Here are the answers from the LFS I work at:
1. We know them as mini crabs, they look like little fiddler crabs
2. They need warm water, they eat dead/dying fish, unsure if they eat slow fish
3. They are kept in a water only tank, but they crawl up on top of the powerhead from time to time. We have sealed the top of the tank to prevent escapes.
4. We have about 10 in a 20G tank, with about 400 feeder guppies, they eat all the dead guppies, keep the tank clean.
5. They're about $2.99 here, unsure about other shops.
6. Not very aggressive towards the guppies, but guppies are pretty fast, so it's hard to say.
7. Haven't done any research on them, since I don't find them very interesting. 
8. As mentioned above, they are little escape artists.
9. Tame? Kind of like trying to tame a car or other mechanical device.
10. They die off after a few weeks (after doing some reading, I realise that I'm not keeping them correctly), but I'm sure with proper care, you can get many times that.
11. I've got about 10 crabs in a 20G tank with ~400 feeder guppies.

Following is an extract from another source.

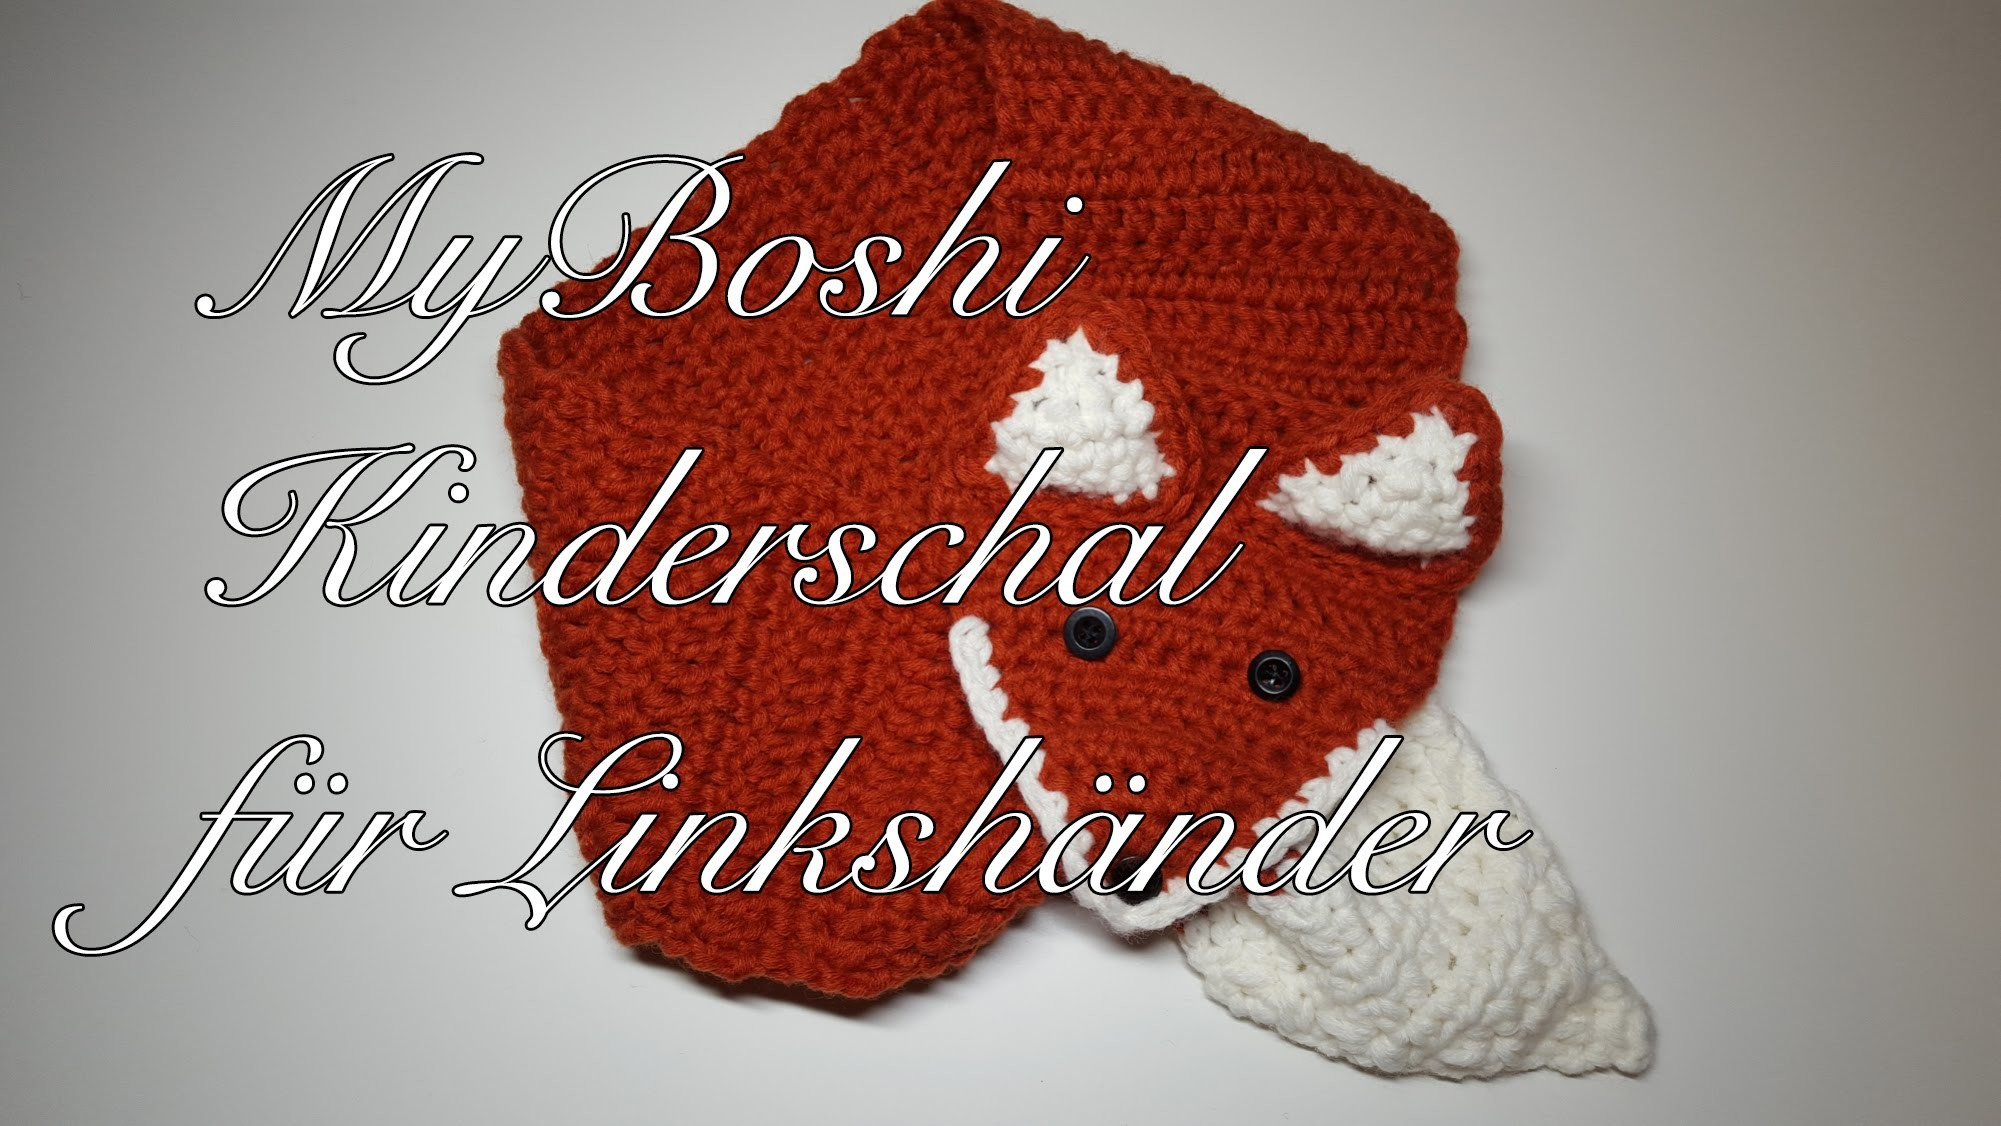 MyBoshi Kinderschal häkeln Anleitung MyBoshi Kitsune Schal häkeln für Linkshänder

No problem, just glad I could help.

Tropical Crabs for Freshwater Aquariums: Mini Crab
Fiddler crab - Wikipedia, the free encyclopedia

^^ Good links to read for care and more info.


----------



## Nature neil (Jan 15, 2009)

Thanks very much. If you want them to survive a bit longer in the shop reduce the water levels and put a couple of bits of wood coming out if the water in the middle of the tank this will stop them escaping and reduce the mortality rate. Thanks again neil


----------